Building your Blog the Hard Way

This is my blog. And it’s basically just a collection of static HTML pages that are hosted on gitlab pages through the complex CI/CD step of doing nothing on each commit and therefore just publishing the existing /public directory of my git repository.

Until recently, that is.

I’ve chosen to not use some static site generator like jekyll but do stuff myself the hard way, because that’s generally more fun and I learn more like that. To give myself a little bit of comfort, I still write my posts with markdown and use the markdown tool from David Parsons, which is in the default arch package repositories, to compile it to HTML. A little Makefile then finds all *.md files and uses a glue.sh script to combine the compiled markdown with some header and footer stubs to create valid HTML pages by using cat how it was originally intended, for concatenating files.

So my basic “build” process was running watch make in one shell to build the project every two seconds while writing the Post in another. To see the compiled result I still have to open the page in my browser and reload manually, but that’s acceptable for me.
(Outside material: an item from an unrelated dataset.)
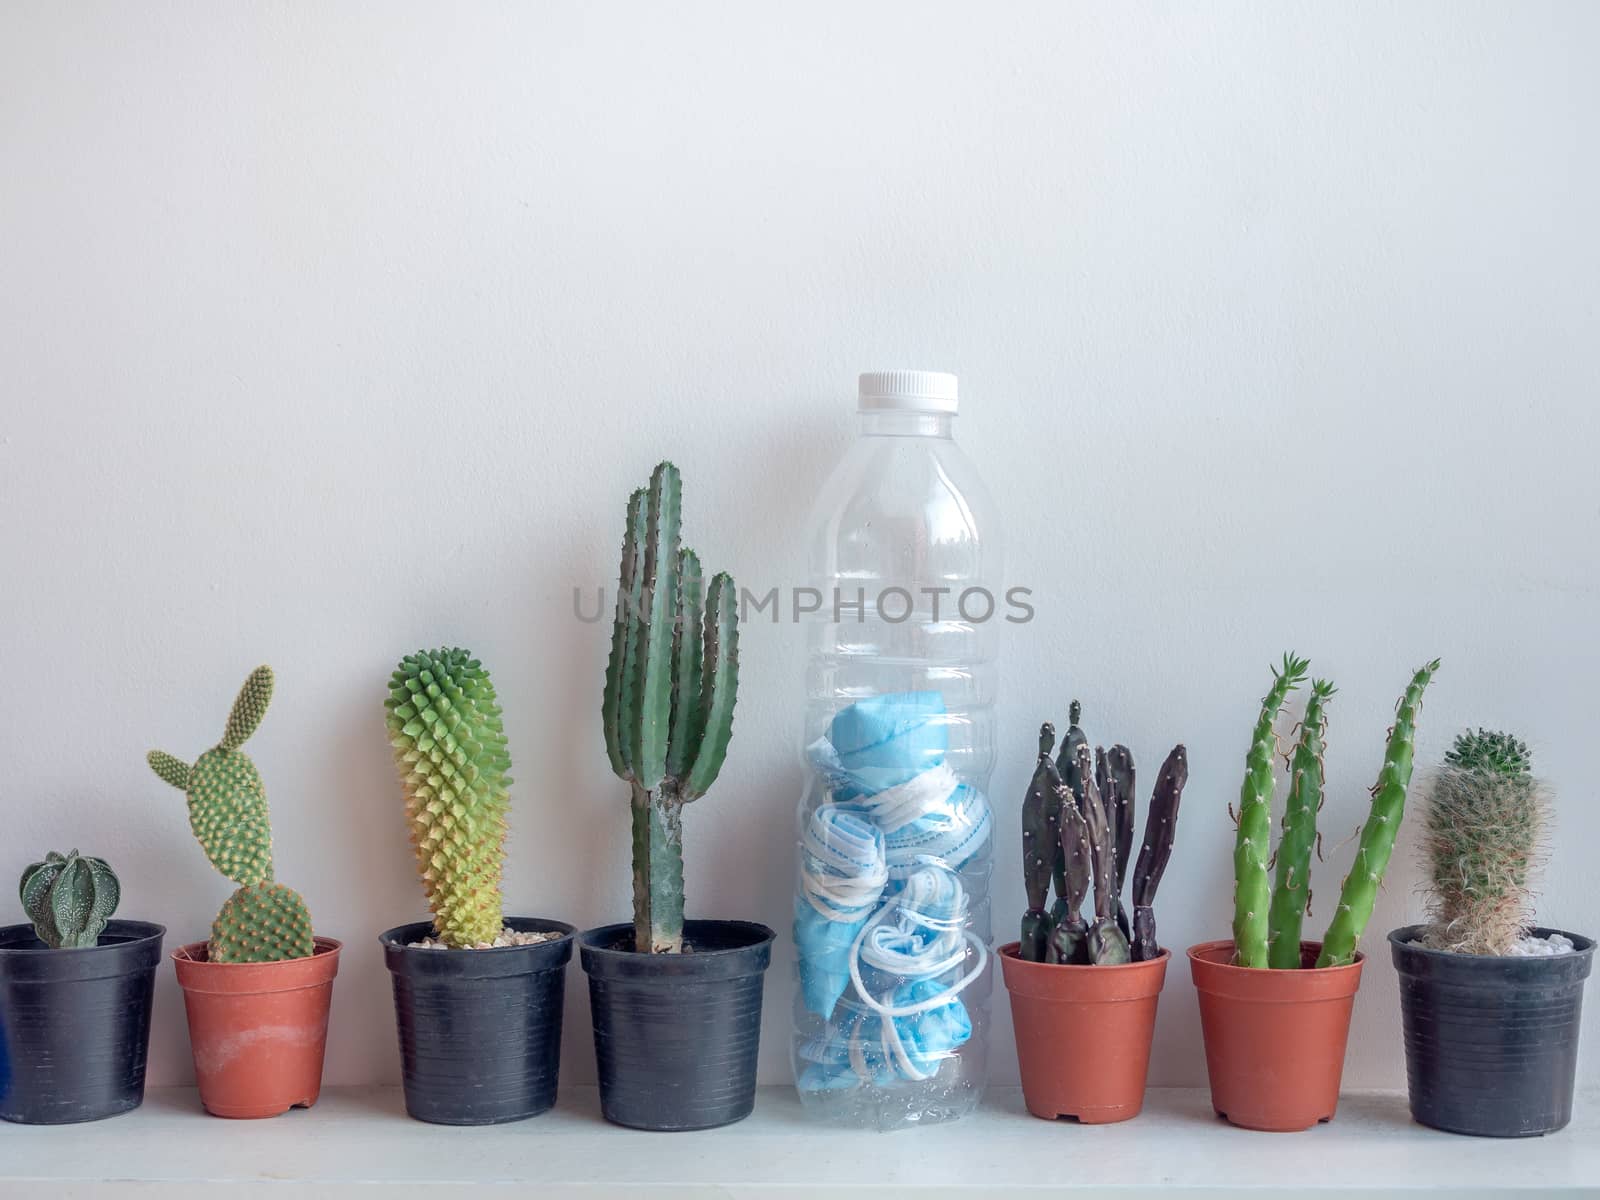 Used mask concept. Folded used protective face mask in plastic bottle with cactus plant on shelf. Protection before littering for prevent spread of virus.

I would then commit the finished post and the compiled HTML page to my repository and let the “do-nothing” CI do it’s thing.

The only problem with this approach was that I didn’t have a landing page (yet). I didn’t want to write one manually, because I’d have to edit it every time I created a new post. But I couldn’t generate it either, because I wanted it to list all posts by date and the git repository messes up timestamps so that a plain ls -St wouldn’t do.

I was kinda stuck on this issue for a while. I didn’t know a good solution to this problem, and I wasn’t motivated enough to look one up with just a few posts sitting on the page. I didn’t write new ones either, because one couldn’t find one without a landing page anyways. A vicious cycle emerged.

Then I stumbled upon yaml frontmatter. Of course, other projects and static site generators have the same problem as well, and solve it by just stuffing the metadata into the markdown file itself. The format is pretty simple and there exists a python library to parse it. My markdown to HTML compiler is a bit confused by it, but that’s not a problem when you can just cut the frontmatter out with a simple awk script.

So now I had markdown with metadata, but I still wasn’t using it anywhere, and I wasn’t particularly fond of getting frustrated with python, so I snatched a friend who’s using python more regularly than me to do my index.py script with a little pair programming. 1

It’s a pretty simple process, really. The python script gets all input markdown files from my Makefile as a list of arguments, parses the frontmatter using python-frontmatter, which returns a weird dictionary with content hybrid. I don’t really need the post content, so I convert it into a honest dictionary, and then sort everything by the published yaml matadata key. The python parser is nice enough to convert that into a datetime class automatically.

The only thing that I have to duplicate is the markdown to html path translation to add correct links into my landing page. 2 A simple ^markdown/(.*).md$ captures the file name in a, uh… capture group… to append the correct .html ending afterwards. It’d be better if I could somehow use Makefile magic to create (.*).md and (.*).html dependency pairs, but this solution just works, for now.

Then all relevant metadata keys get printed to standard output in a html formatted way using python format strings. The Makefile rule for my index.html then just calls the script with appropriate arguments and redirects the output to $@. 3 In the end, building the whole script was faster and more fun then expected, and I’m really glad that I have people who are nice enough to do pair programming with.

The other thing bugging me with my current implementation was that I’m not really using the CI/CD in the intended way, because I don’t really build my blog on the CI server. Some stack overflow post was hinting that the default runner has some ubuntu image, so I tried modifying the .gitlabci-yml file to install the tools I’m using and then building the blog by calling make clean; make, but committing a single line change in the CI file and then waiting a minute for the build to fail wasn’t as fun.

The first roadblock was installing the correct python version, because the default on Ubuntu still seems to be python2. And not only do you somehow have to install the python3 packages, but to install library with pip you also have to call pip3. After noticing that my markdown to html compiler is not available on Ubuntu I gave up and just used a custom Docker image. Fortunatly, it was fairly simple to use the archlinux:latest image and then to install the tools that I’m using on my own machine.

So now I should be just able to write some markdown in the gitlab Web-IDE and have everything build and deployed automatically, yay!


  1. It’s just way nicer to just have somebody give you the correct way to do things instantly, instead of asking your second best friend, the search engine, how to do everything.
  2. What good is a landing page if you can’t click on stuff?
  3. $@ is the automatic make variable that contains the name of the current rule, which is my index.html page in this case.